RECORDS SUPPLIED
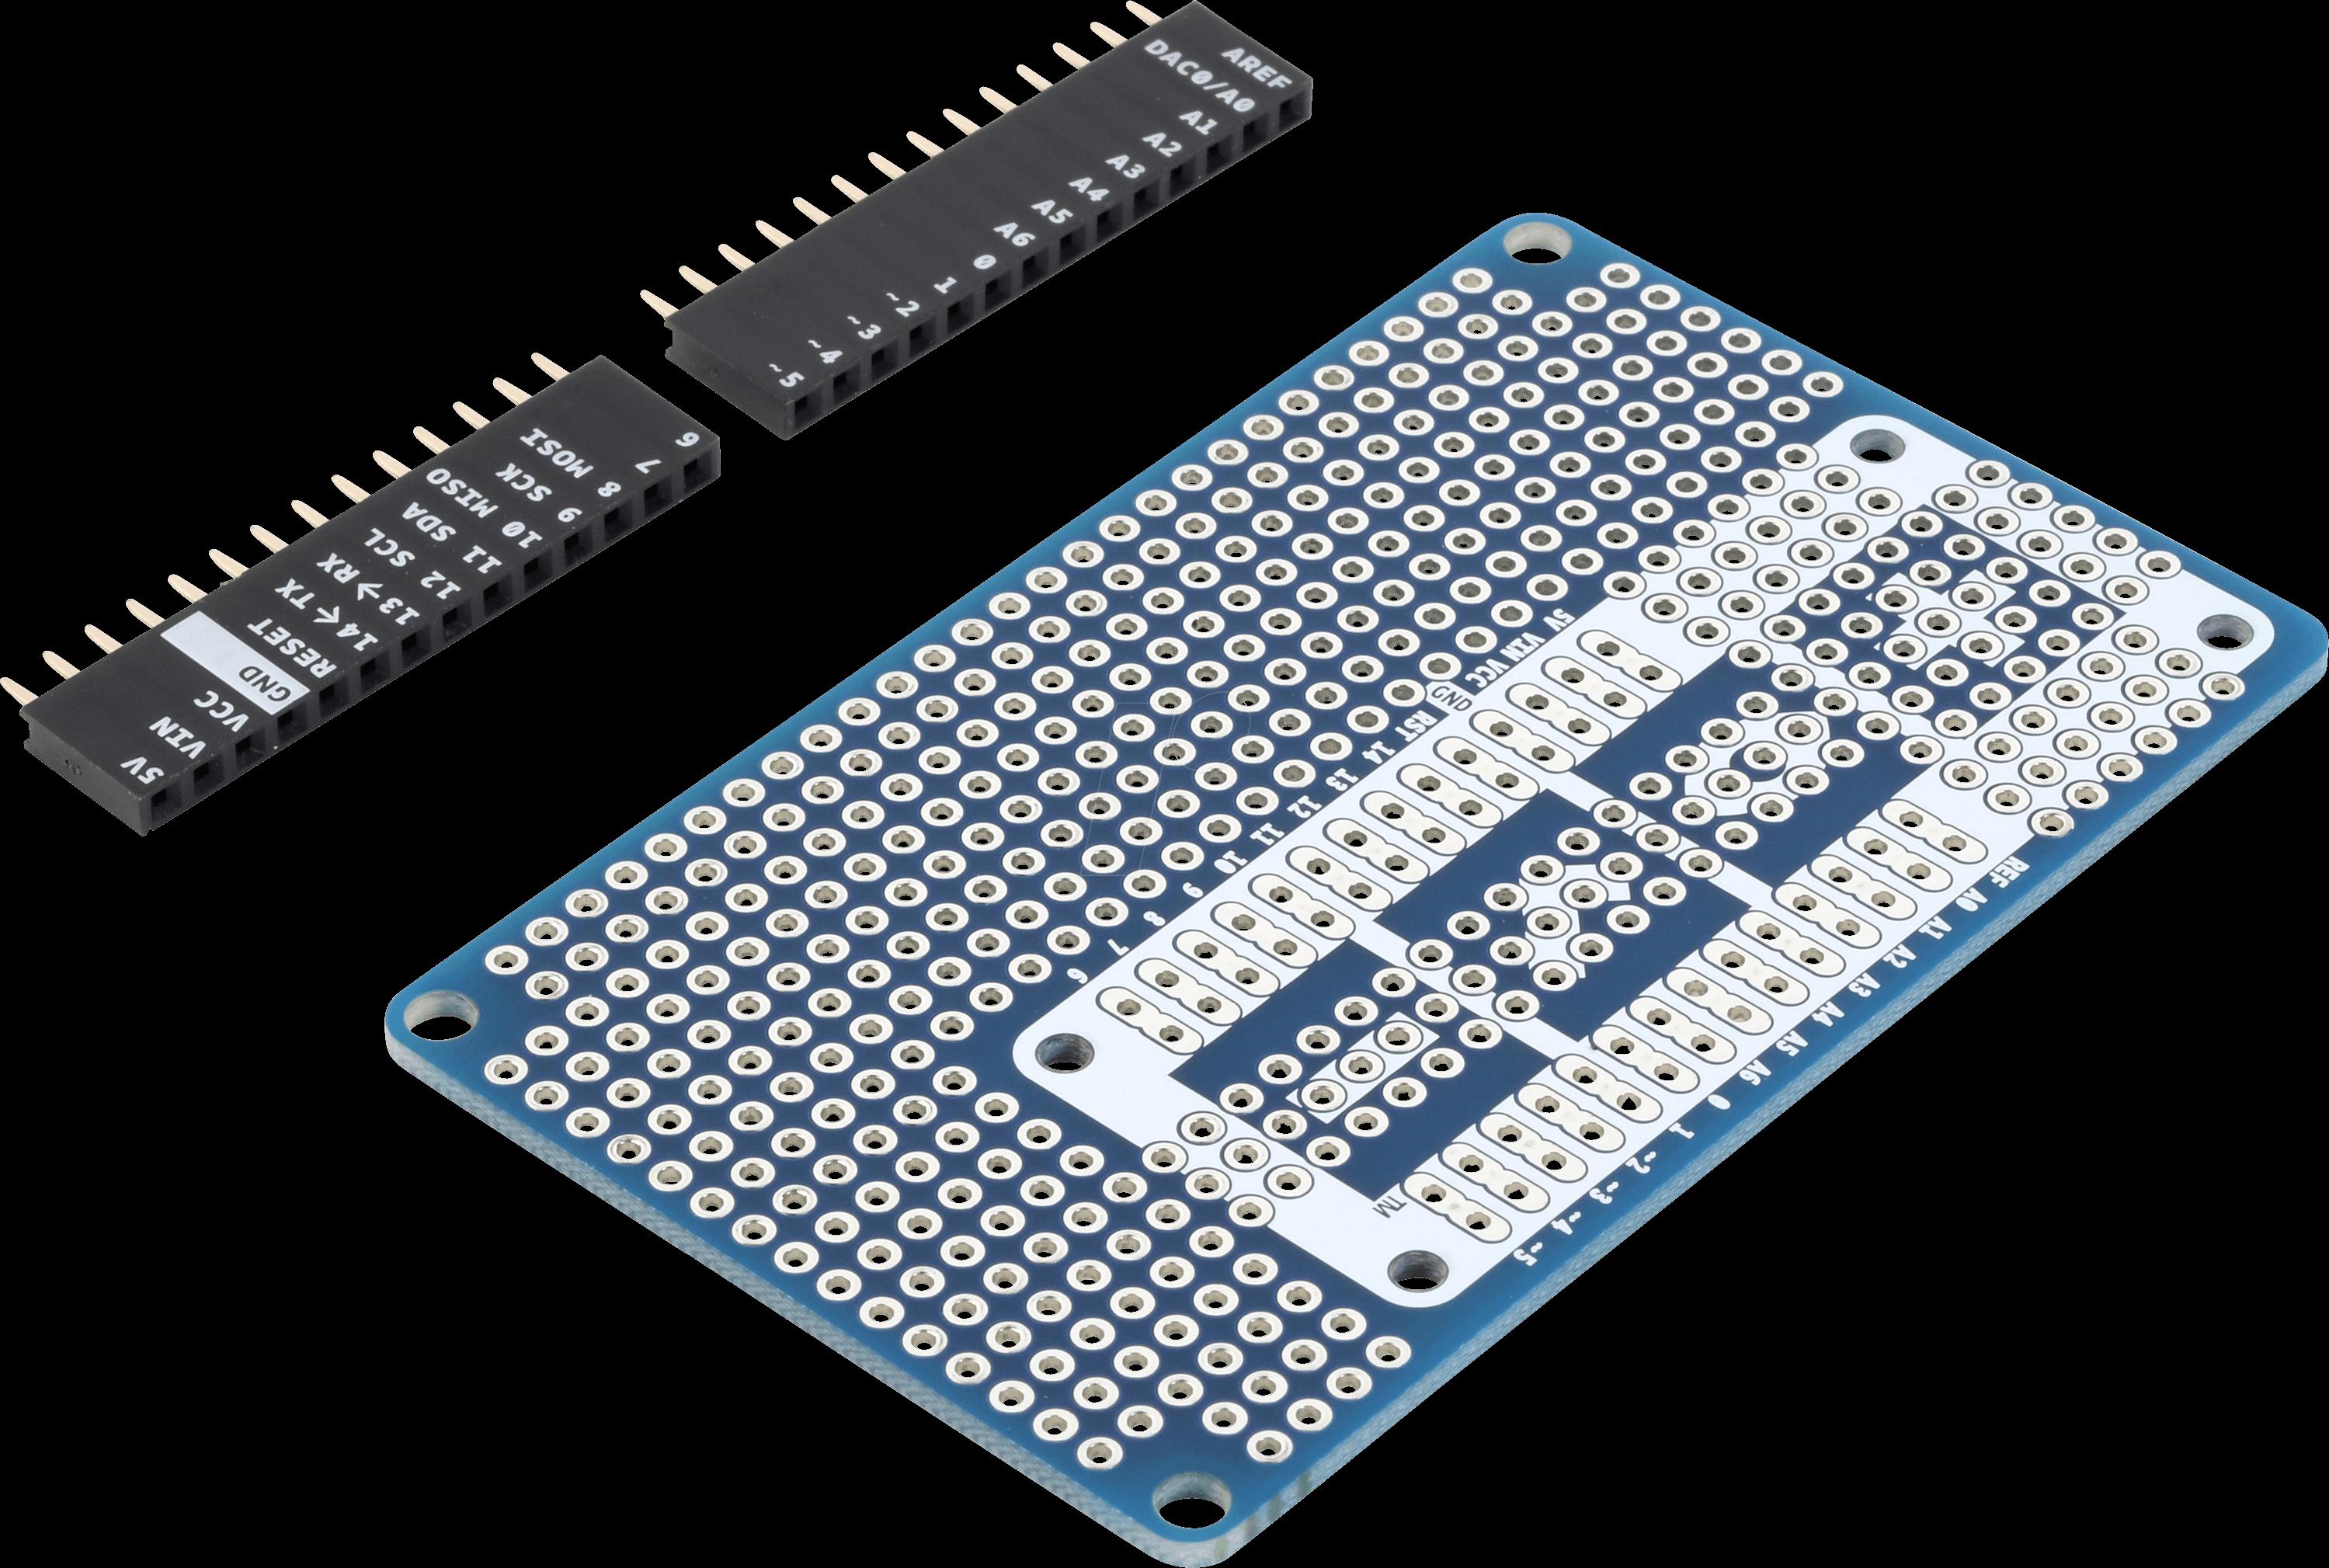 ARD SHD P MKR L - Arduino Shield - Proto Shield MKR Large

==

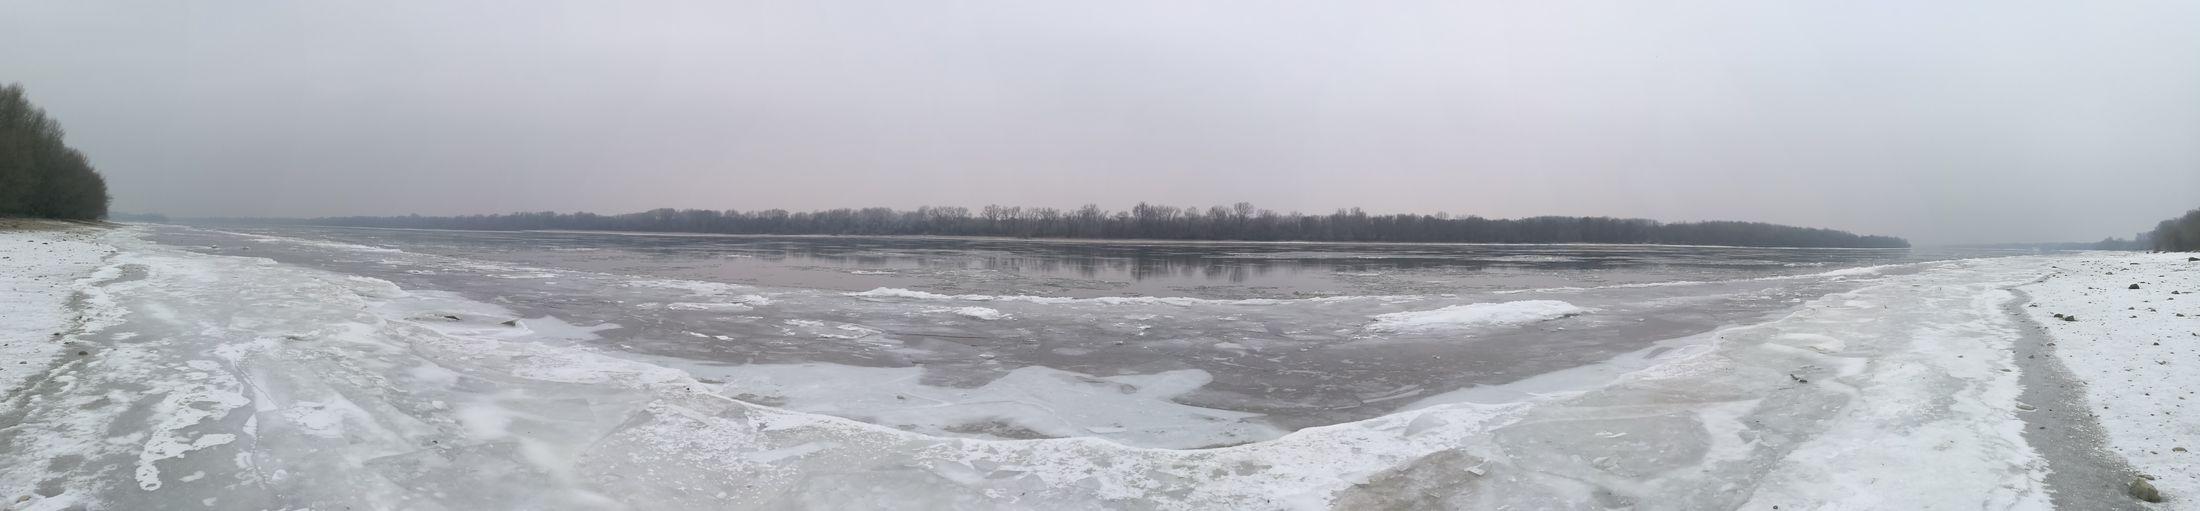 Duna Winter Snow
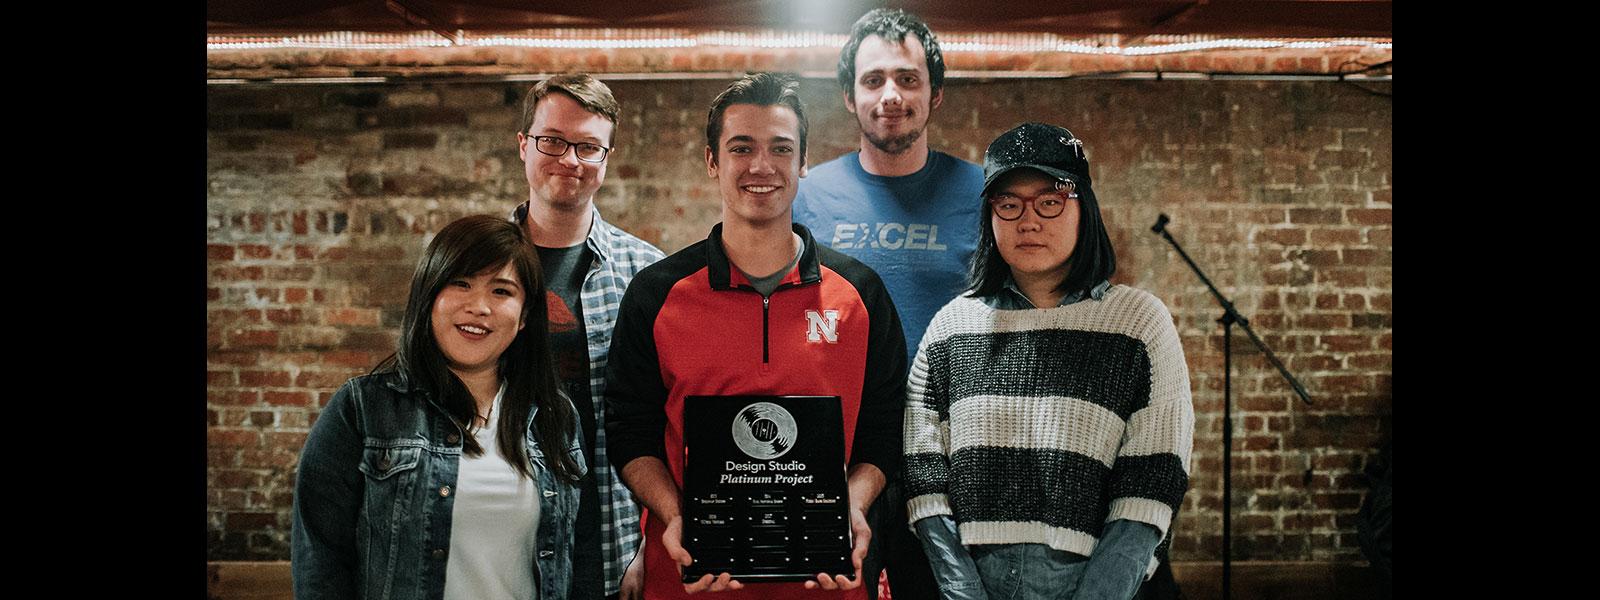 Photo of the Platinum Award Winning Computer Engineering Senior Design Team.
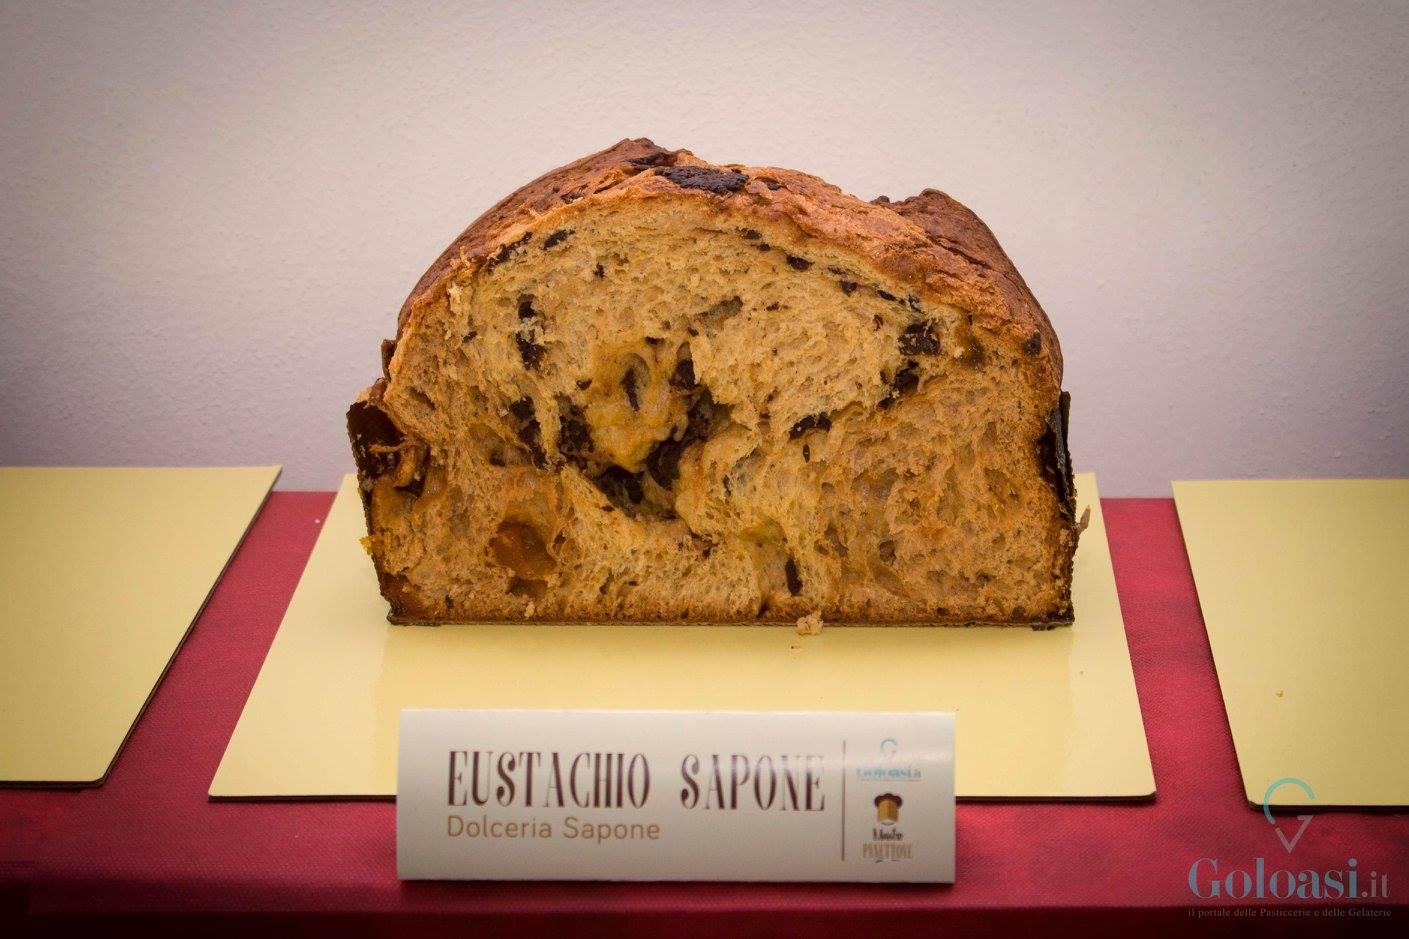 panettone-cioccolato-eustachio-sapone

WHAT IS EXPECTED
Output should consist of the lines above from the one with "Photo of the" down to the one with "panettone-cioccolato-eustachio-sapone", exact and without pictures.

EXERCISE ANSWER
 Photo of the Platinum Award Winning Computer Engineering Senior Design Team.
 panettone-cioccolato-eustachio-sapone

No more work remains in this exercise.